Current laser-powder bed fusion (L-PBF) additive manufacturing (AM) entails a complicated, costly, and time-consuming up-front process to develop, test, and screen new materials and laser processing parameters for manufacturing a particular object. For example, different types of materials (or combinations of materials) must be developed and created, and the manufacturing parameters (laser power, speed, hatch spacing, and powder layer thickness, etc.) must be optimized to produce an acceptable end product. This process is iterative, with different combinations of materials and manufacturing parameters being tested until an acceptable combination is developed. This results in the use of substantial amounts of powder, as several kilograms of powder (or more) must be loaded into the AM machine's hopper. Additionally, the iterative nature of these processes requires expending a significant amount of time and effort before optimal materials and manufacturing parameters can be determined and manufacture of the desired object can begin.

Accordingly, there is an ongoing need for improved methods, devices, and systems for rapidly developing, testing, and screening materials, and the optimal parameters associated with their use in additive manufacturing, including for L-PBF AM.

BRIEF SUMMARY

According to some non-limiting, example embodiments, a method for rapidly developing additive manufacturing materials includes disposing a powder layer into a powder pocket of a build apparatus/device for an additive manufacturing (AM) machine, executing a plurality of single-line trace patterns with the AM machine on a first portion of the powder layer to form a corresponding plurality of single-line traces on the build apparatus/device, and executing a plurality of sets of multiple-line trace patterns with the AM machine on a second portion of the powder layer to form a corresponding plurality of sets of multiple-line traces on the build apparatus/device.

According to other non-limiting, example embodiments, a method for rapidly developing additive manufacturing materials consists of disposing a powder layer into a powder pocket of a build apparatus/device for an AM machine, executing a plurality of single-line trace patterns with the AM machine on a first portion of the powder layer to form a corresponding plurality of single-line traces on the build apparatus/device, and executing a plurality of sets of multiple-line trace patterns with the AM machine on a second portion of the powder layer to form a corresponding plurality of sets of multiple-line traces on the build apparatus/device. No powder is loaded into the powder hopper of the AM machine.

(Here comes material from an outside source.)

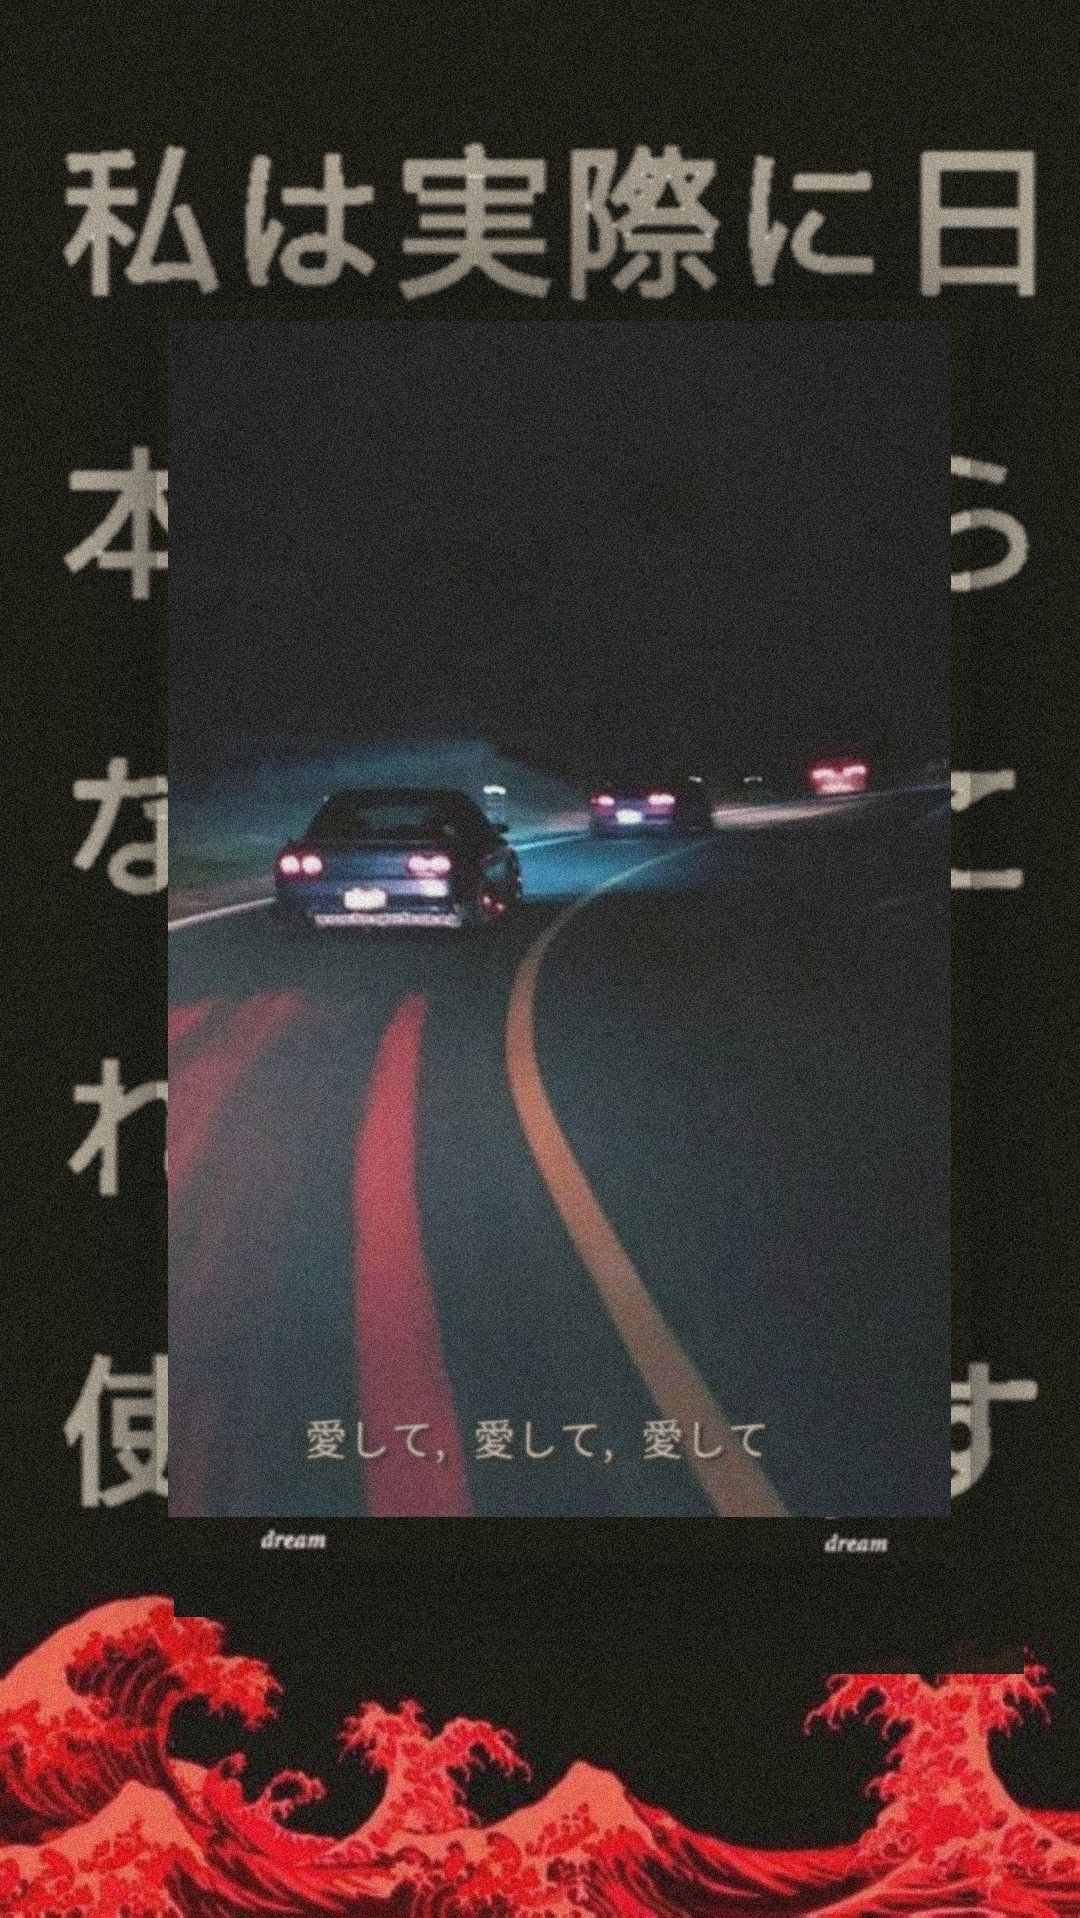 Drift(VHS). Japanese wallpaper iphone, iPhone wallpaper hipster, Wallpaper iphone neon

According to yet other non-limiting, example embodiments, a build apparatus/device for an AM process includes a base a powder pocket formed in an upper portion of the base to receive a single powder layer.

According to additional non-limiting, example embodiments, a system for rapidly developing AM materials includes a build apparatus/device and a plate configured to receive the build apparatus/device. The build apparatus/device includes a base and a powder pocket formed in an upper portion of the base to receive a single powder layer.

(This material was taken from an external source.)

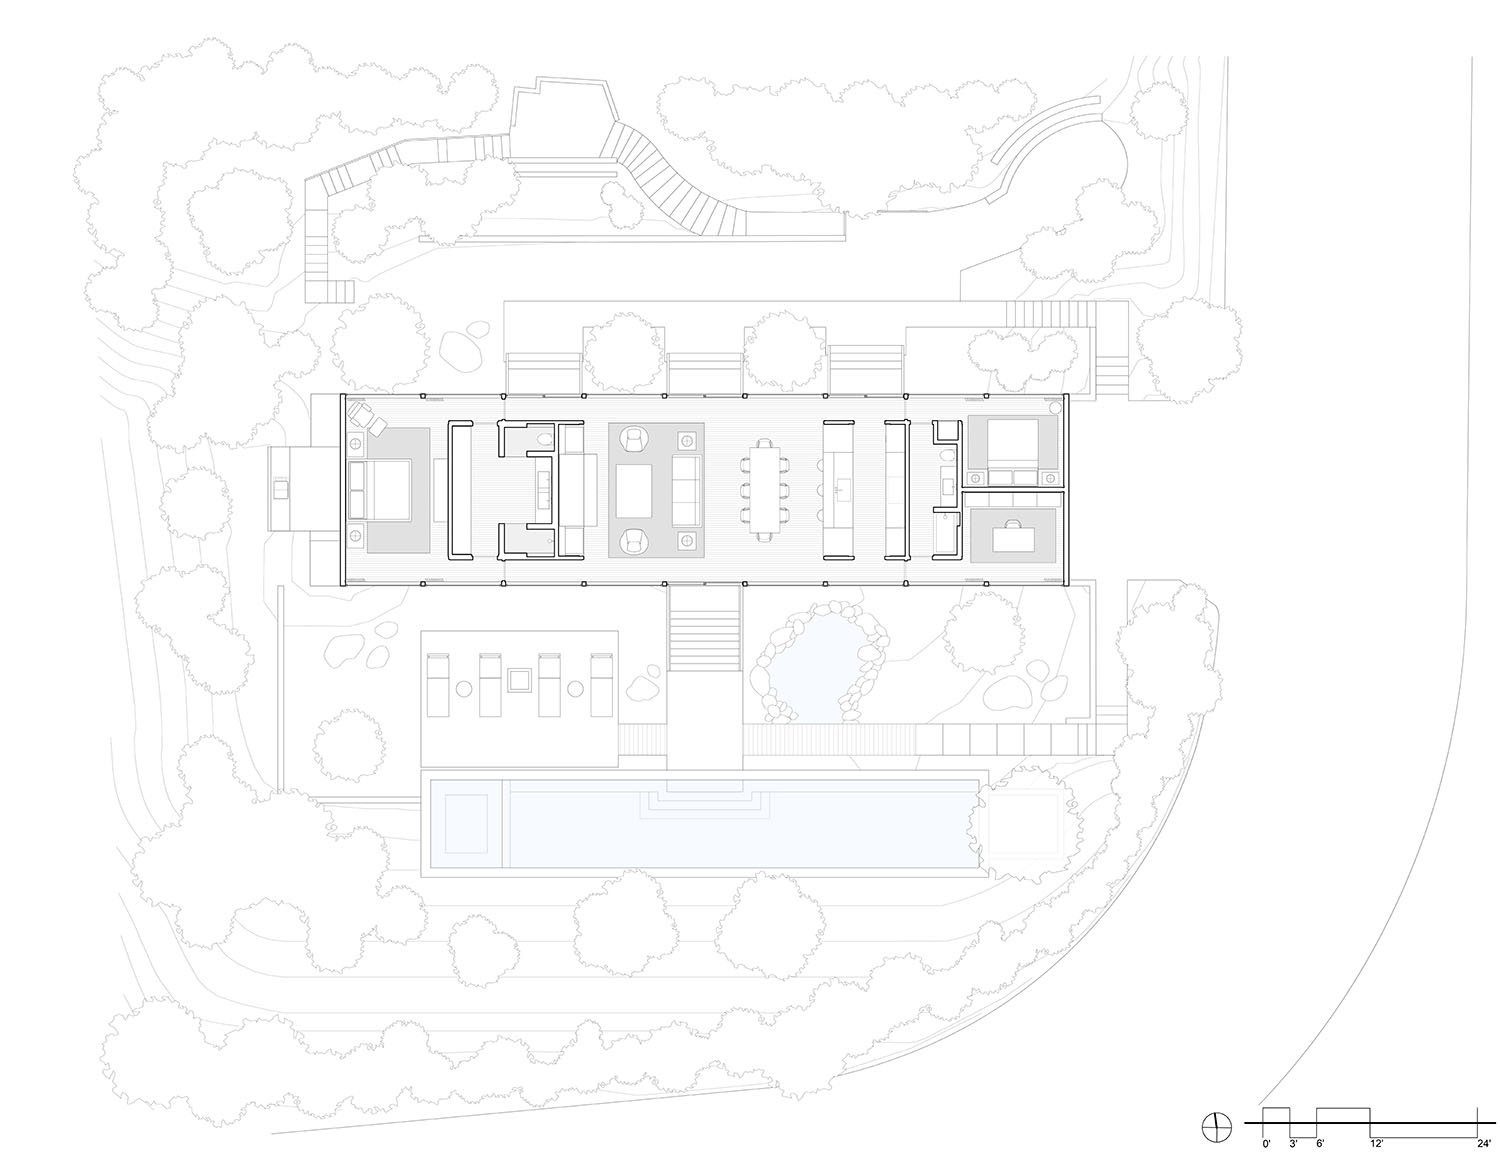 New Floorplan with Site | Woods + Dangaran

BRIEF DESCRIPTION OF THE SEVERAL VIEWS OF THE DRAWINGS

The above and other aspects, features, and advantages will become more readily apparent from the detailed description, accompanied by the drawings, in which:

FIG. 1 illustrates a build device for an additive manufacturing (AM) process according to some example embodiments;

FIG. 2 illustrates a powder layer deposited in a powder pocket of a build device according to some example embodiments;

FIG. 3 illustrates a modified reduced AM build plate within a modified full AM build plate according to some example embodiments;

FIG. 4 is a closeup view of the modified reduced build plate shown in FIG. 3, illustrating a recess for receiving a build device according to some example embodiments;

FIG. 5 illustrates a bottom portion of the modified reduced build plate shown in FIG. 4 according to some example embodiments;

FIG. 6 illustrates a build device in a modified reduced build plate according to some example embodiments;

FIG. 7 illustrates a modified reduced build plate according to some alternative example embodiments;

FIG. 8 illustrates programmed trace patterns for an AM process according to some example embodiments;

FIG. 9 illustrates executed laser patterns from an AM process according to some example embodiments;

FIG. 10 is a cross-sectional microscopy image of a single-line trace from an AM process according to some example embodiments;

FIG. 11 is a cross-sectional microscopy image of a multiple-line trace from an AM process according to some example embodiments; and

FIG. 12 illustrates an example method of rapidly developing AM materials according to some example embodiments.

DETAILED DESCRIPTION

Some non-limiting, example embodiments will now be more fully described with reference to the accompanying drawings, in which some, but not all example embodiments are shown. Indeed, the examples described, shown, and illustrated herein should not be construed as being limiting as to the scope, breadth, applicability, or configuration of this disclosure. Rather, these example embodiments are provided so that this disclosure will satisfy applicable legal requirements. Like reference numerals refer to like elements throughout. Furthermore, as used herein, the term “or” is to be interpreted as a logical operator that results in a true output whenever one or more of its operands are true. Additionally, as used herein, operable coupling should be understood to relate to direct or indirect connection that, in either case, enables functional, but not always physical, interconnection of components that are described as being operably coupled to each other.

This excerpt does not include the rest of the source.